Master-Slave Delay in MongoDB: A Real-World Investigation

heera · November 15, 2025, 7:35am

Master-Slave Delay in MongoDB: A Real-World Investigation

Introduction

In this article, we will delve into a real-world scenario where a customer experienced a master-slave delay in their MongoDB cluster, causing significant business disruptions. We will guide you through the investigative process, highlighting the challenges we faced and the steps we took to resolve the issue. Our goal is to provide a comprehensive understanding of the root cause and offer practical advice on how to avoid similar pitfalls in the future.

Background

In early September, one of our customers reported an issue with their private cloud Teambition system. The client package, which provides a layer of internal business, was experiencing data consistency abnormalities between two consecutive interface calls. This led to the upper packaging business not working properly, while the system itself remained unaffected. After receiving the feedback, we synchronized the packaging business logic with each other.

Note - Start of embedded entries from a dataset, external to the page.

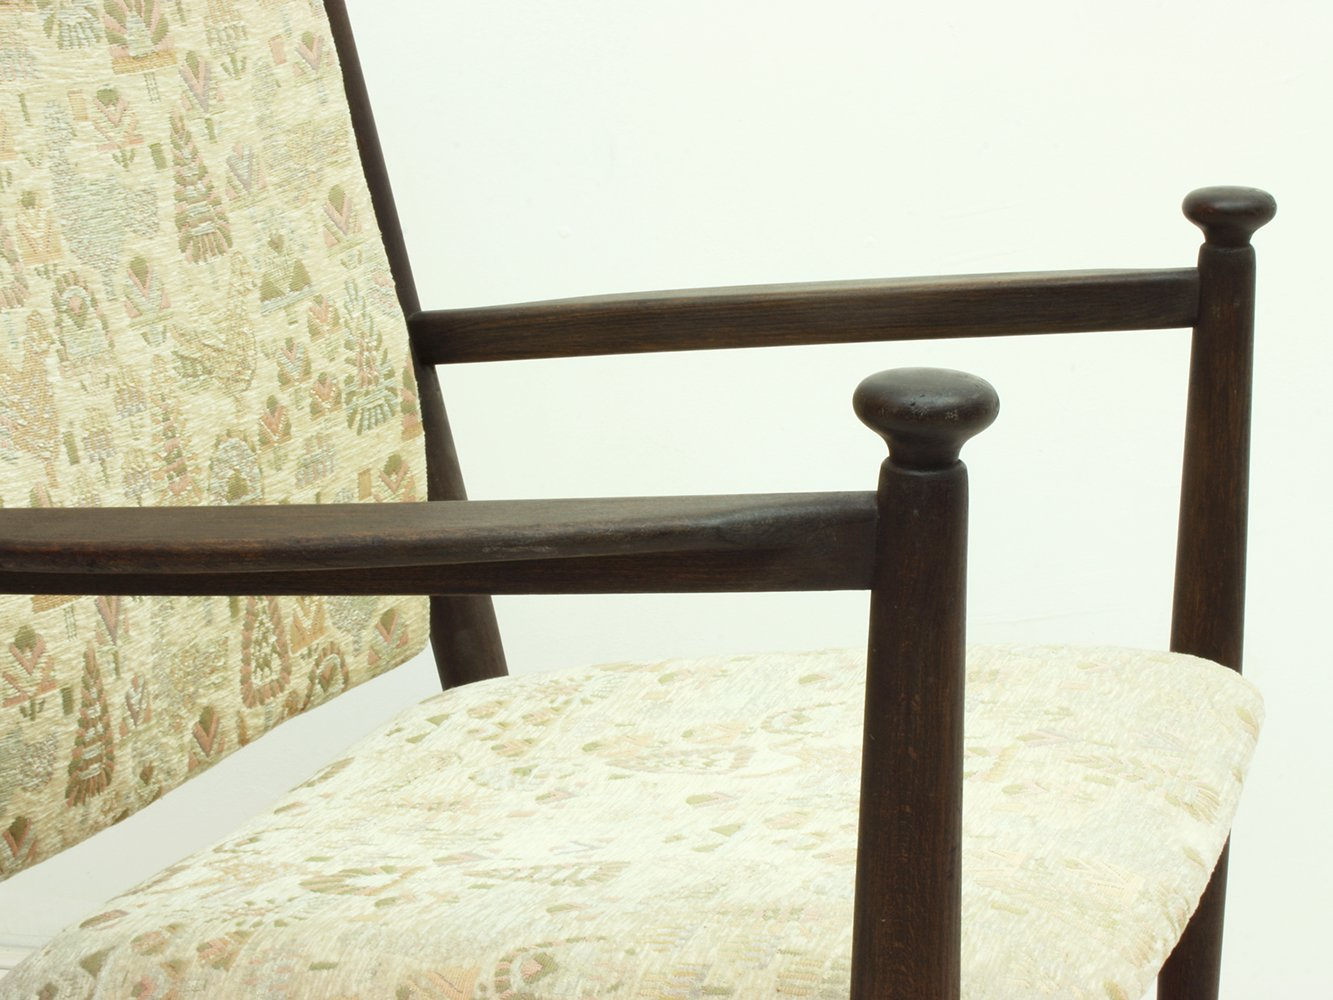 Dunkelbraun gebeizter schwedischer mid century for Schaukelstuhl dunkelbraun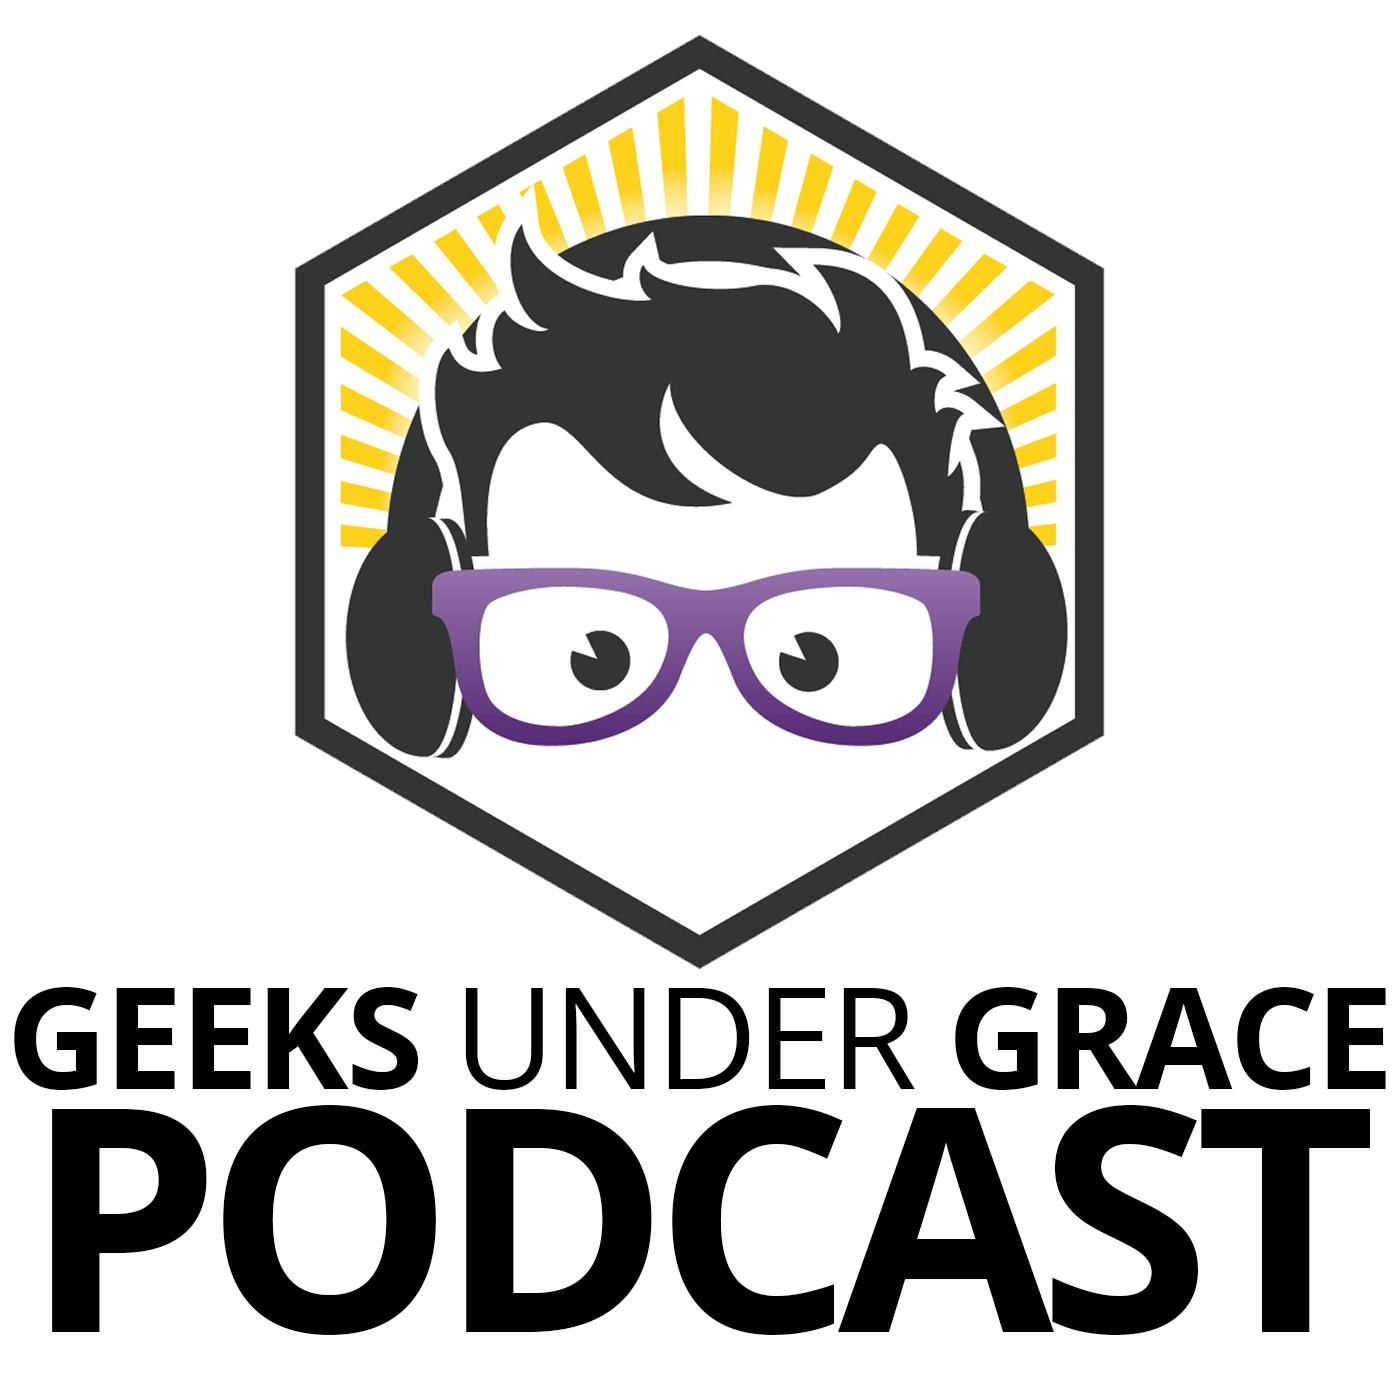 Geeks Under Grace Podcast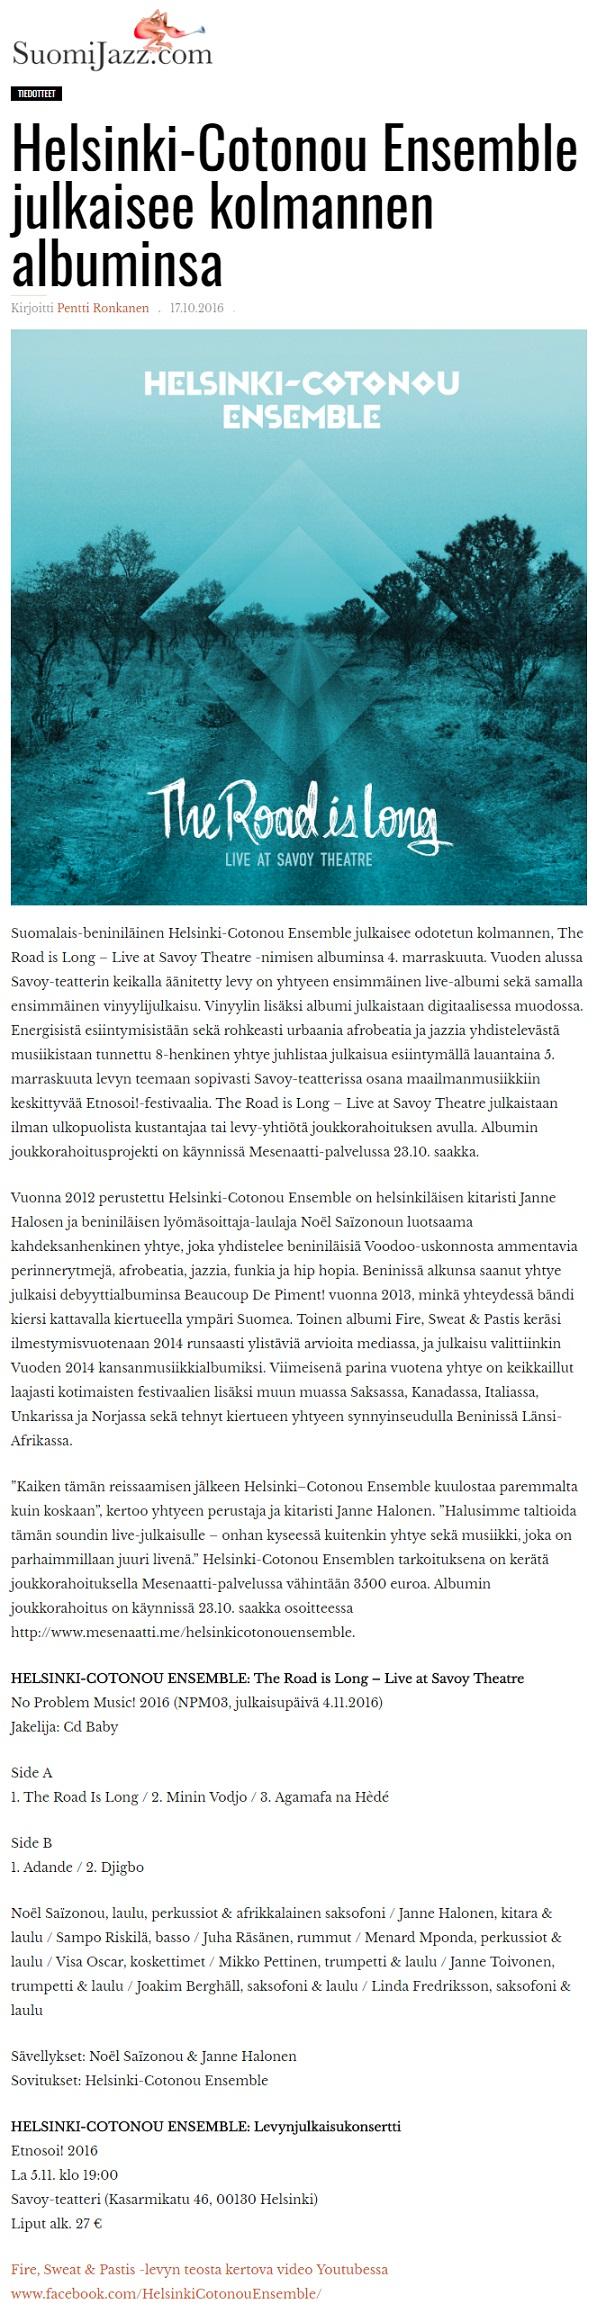 SuomiJazz.com (Finland) 17.10.2016

Temporary Coping Mechanism

Given the high importance of the top business, our primary goal was to restore the availability of the service. We considered several options, including:

Canceling SecondaryPreferred to ensure normal calls to interface A.
Adjusting the logic of interface B to add a layer of protection between the upper caller and interfaces A and B.
Modifying the customer’s packaging upper layer service.

We chose Option 1, canceling SecondaryPreferred, as the contingency plan. This decision was based on the fact that MongoDB is not a separate read and write system, and the pressure on the cluster is not completely separate. By canceling SecondaryPreferred, we ensured that the request sent to port B of the Primary.

Investigation and Root Cause Analysis

After canceling SecondaryPreferred, the top business returned to normal. We also removed the monitoring information from the customer’s MongoDB cluster. Upon reviewing the monitoring data, we observed the following:

No surge in flow stability
QPS in the low range
Read and write connections stability
No violent explosion in SaveResident Memory and eviction
Cache Activity stable without explosion
Master-slave delay unstable, sometimes soaring to 5s
Slow query exist local.oplog.rs

We conducted a re-set of the failure investigation, starting with the most intuitive issue: the master-slave delay. We observed that the db.printSlaveReplicationInfo() returns the visualization of the results of the monitoring and display the main customers of the cluster from the delay of instability, from time to time soared to 5s.

Analysis of the Slow Query

We focused on the slow query local.oplog.rs and found that the main key conditions slow query is as follows:

Type: getmore
Reflects the number of cursor definition

We determined that the characteristics of this type of statement is not a normal business scenario, is not A or B interface triggered the whole service system under review would have to trace oplog oplog.rs scene so the query, from a the application elasticsearch mongodb to synchronize data.

Verification and Summary

After the initial acquisition to the conclusion that we began corresponding verification. We verified that the cursor result in large additional resources wt cache ram tension, thus causing a delay from the master. We also confirmed that the service reboots repeatedly caused the cursor in the primary accumulation.

Conclusion

In this article, we have demonstrated the importance of proper use of the cursor in MongoDB. We have highlighted the consequences of improper use of the cursor, including cursor accumulation, memory consumption, and delayed master-slave replication. We have also provided practical advice on how to avoid similar pitfalls in the future, including:

Not using the cursor when using noCursorTimeout
Setting a reasonable timeout for the cursor
Controlling the application to retry mechanism after the timeout
Monitoring the cluster environment
Avoiding operation on the local library table
Using changestream to meet the needs of a similar trace oplog
Lifting 120% attention on monitoring indicators at any time

By following these best practices, you can avoid the master-slave delay in MongoDB and ensure the smooth operation of your database.